_Input records_.
Segment Open

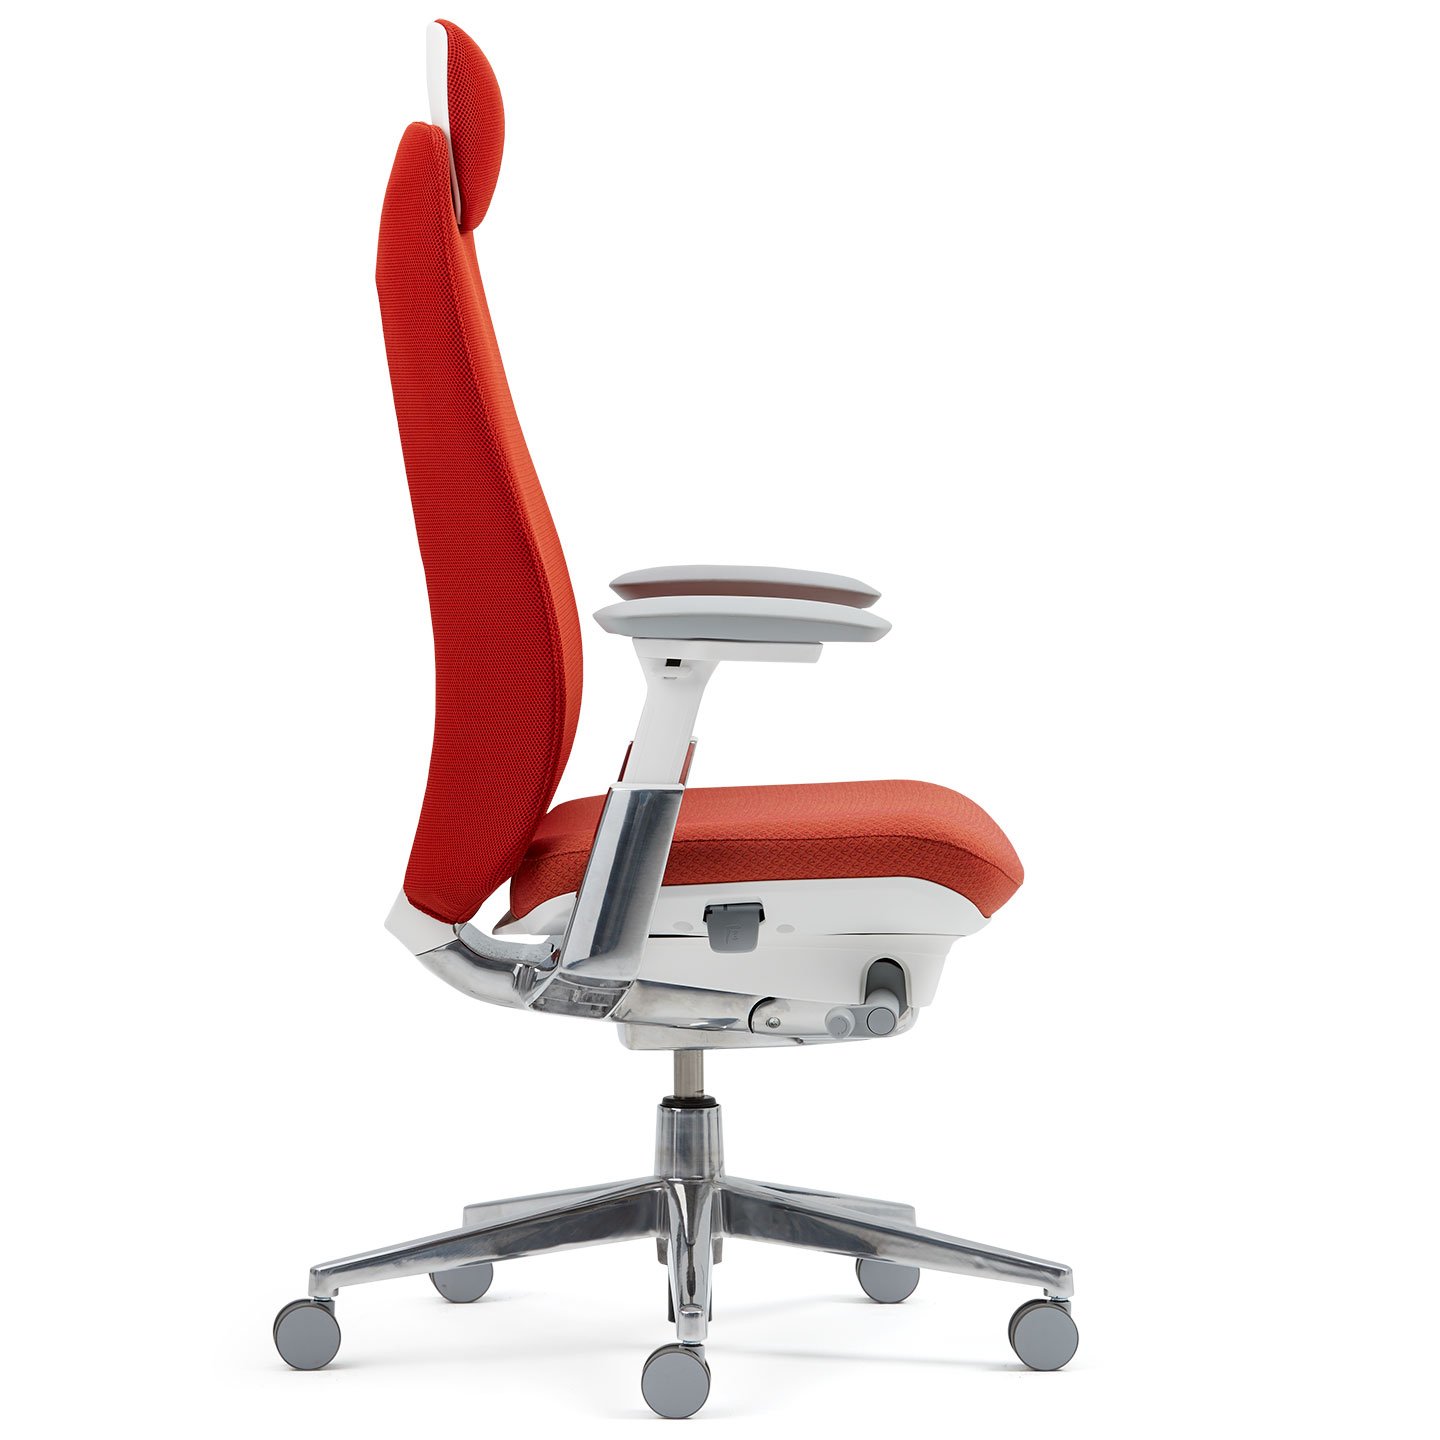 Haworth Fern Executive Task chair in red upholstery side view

Segment Closed
Segment Open

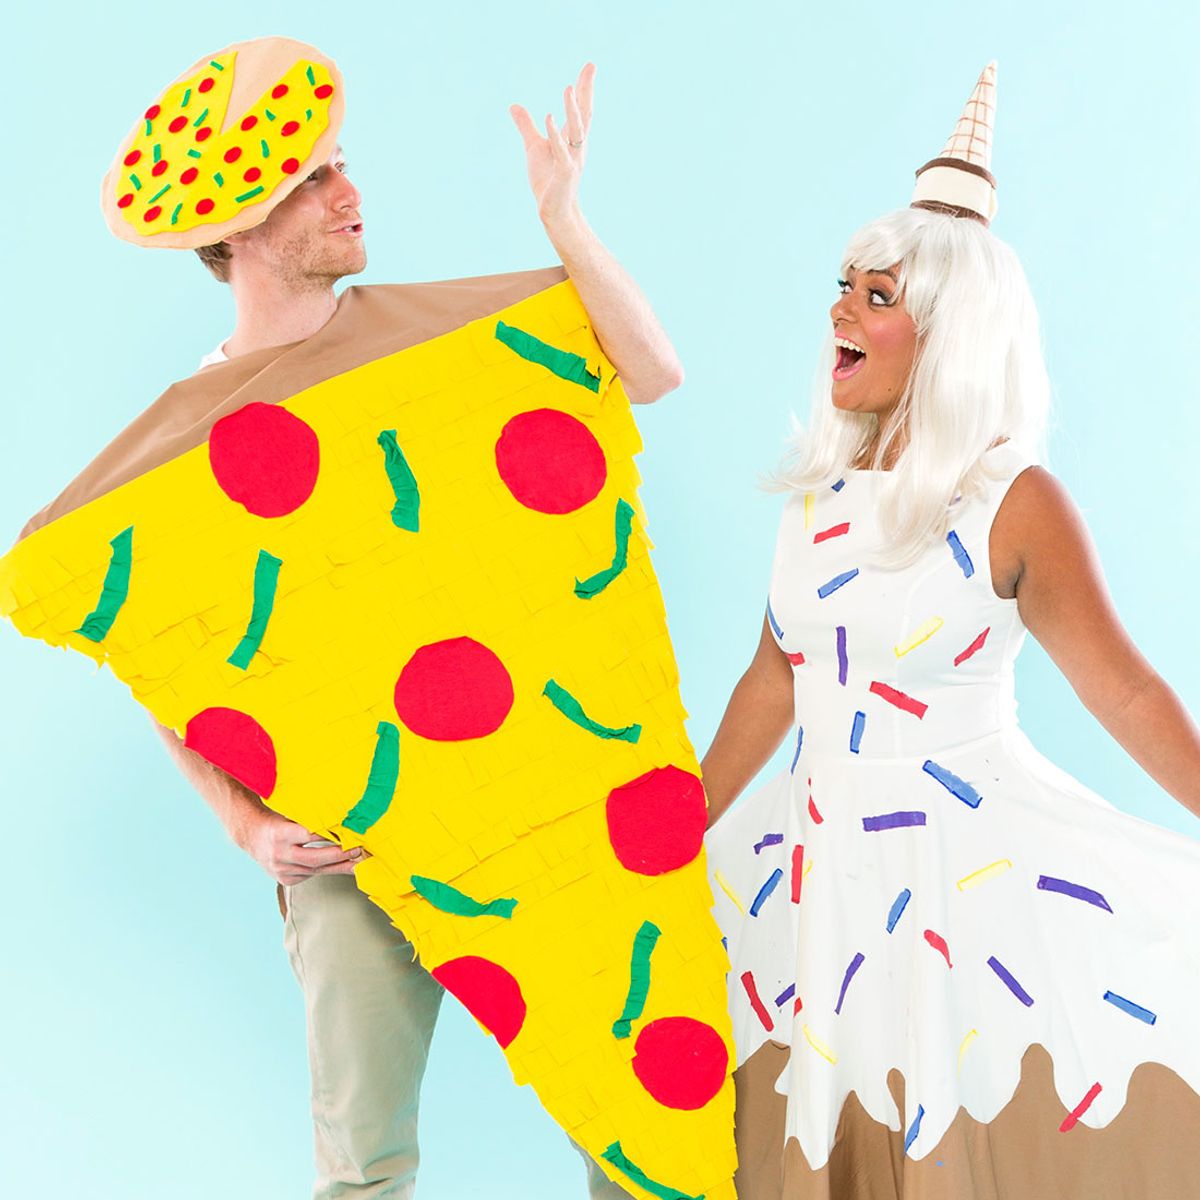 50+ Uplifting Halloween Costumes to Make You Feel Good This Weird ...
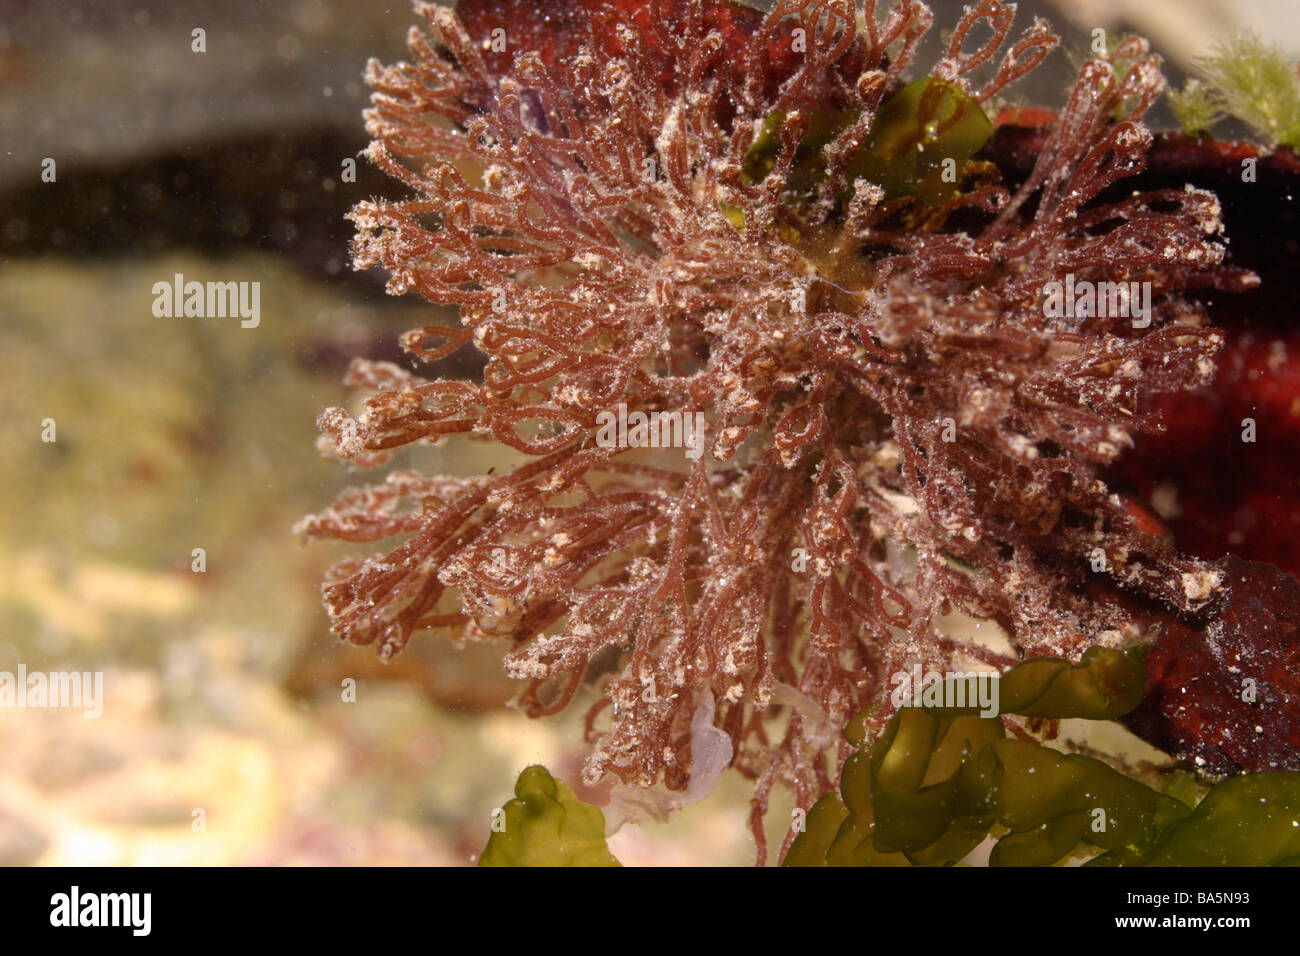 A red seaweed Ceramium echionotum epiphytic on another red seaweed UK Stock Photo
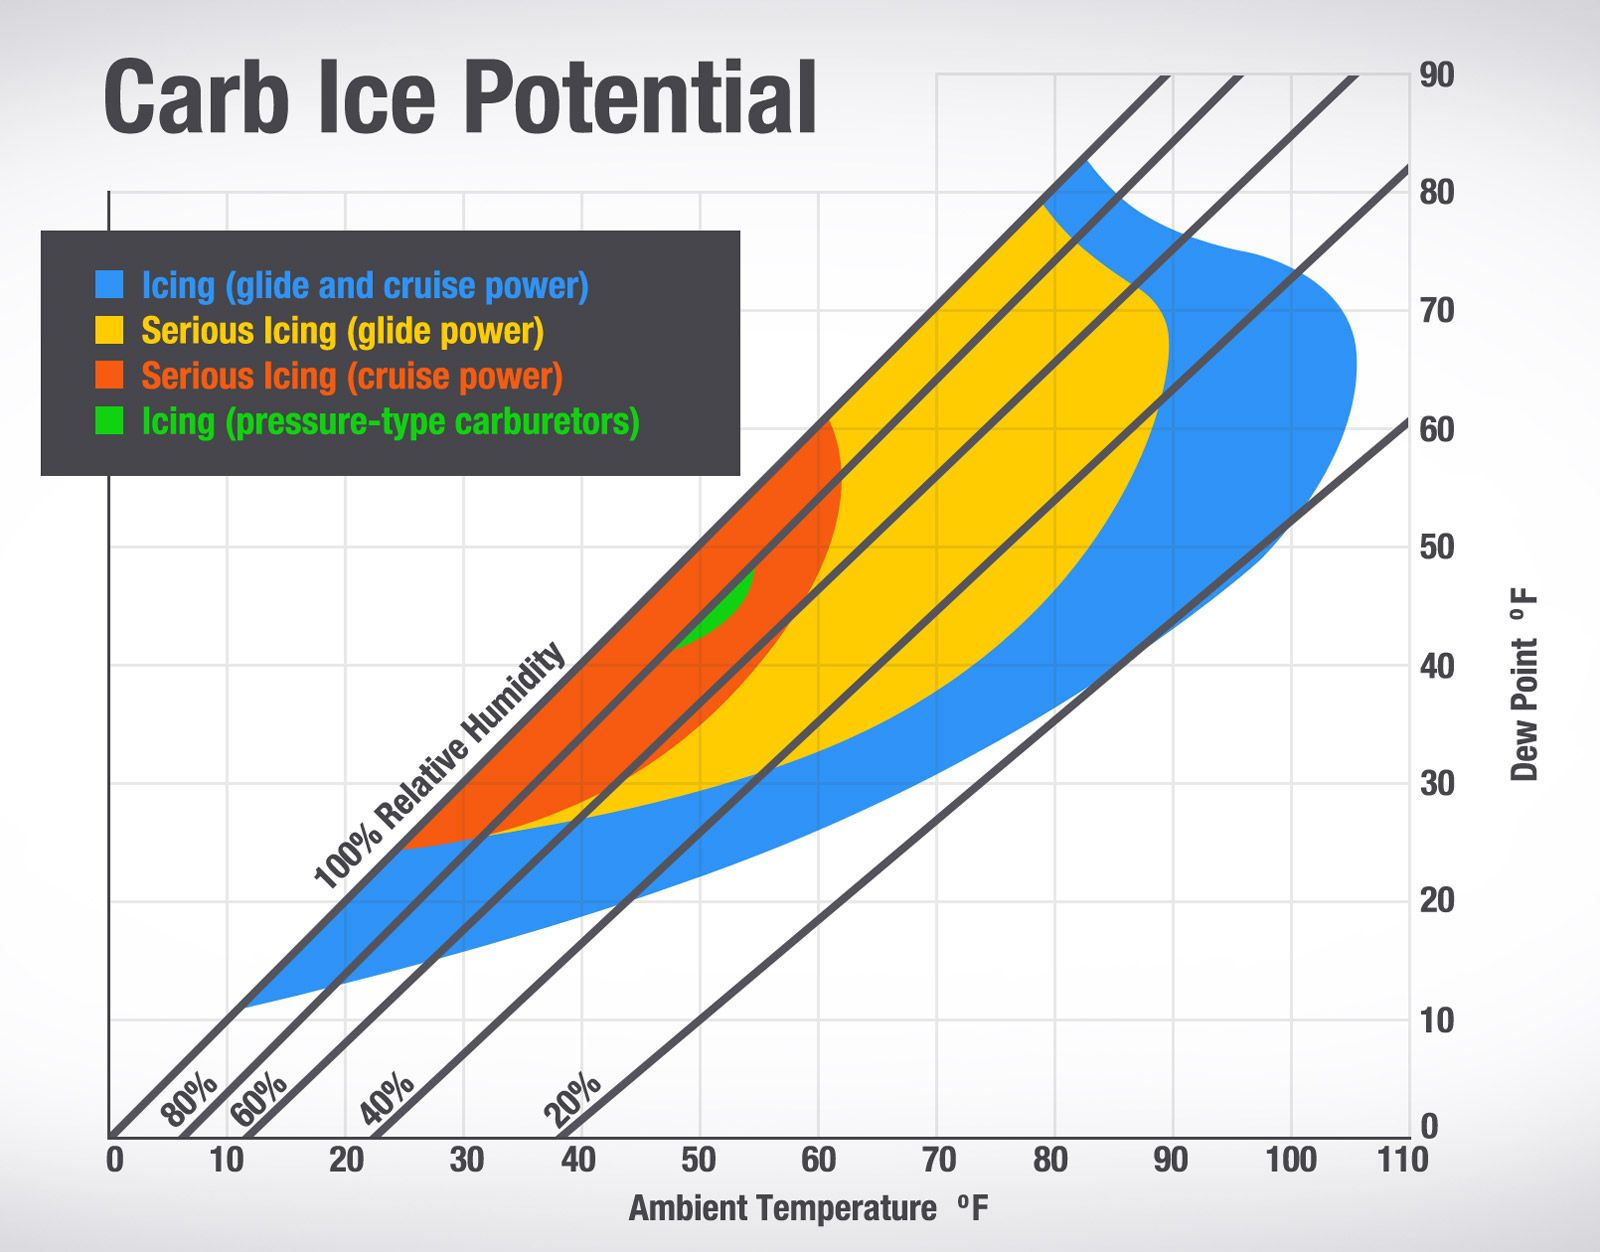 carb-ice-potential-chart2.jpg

Segment Closed

_Task requirements_.
Range to copy from the records above: the line containing "A red seaweed" to the line containing "carb-ice-potential-chart2.jpg", both included. Output those lines exactly and only those, skipping pictures.

_Reply_.
 A red seaweed Ceramium echionotum epiphytic on another red seaweed UK Stock Photo
 carb-ice-potential-chart2.jpg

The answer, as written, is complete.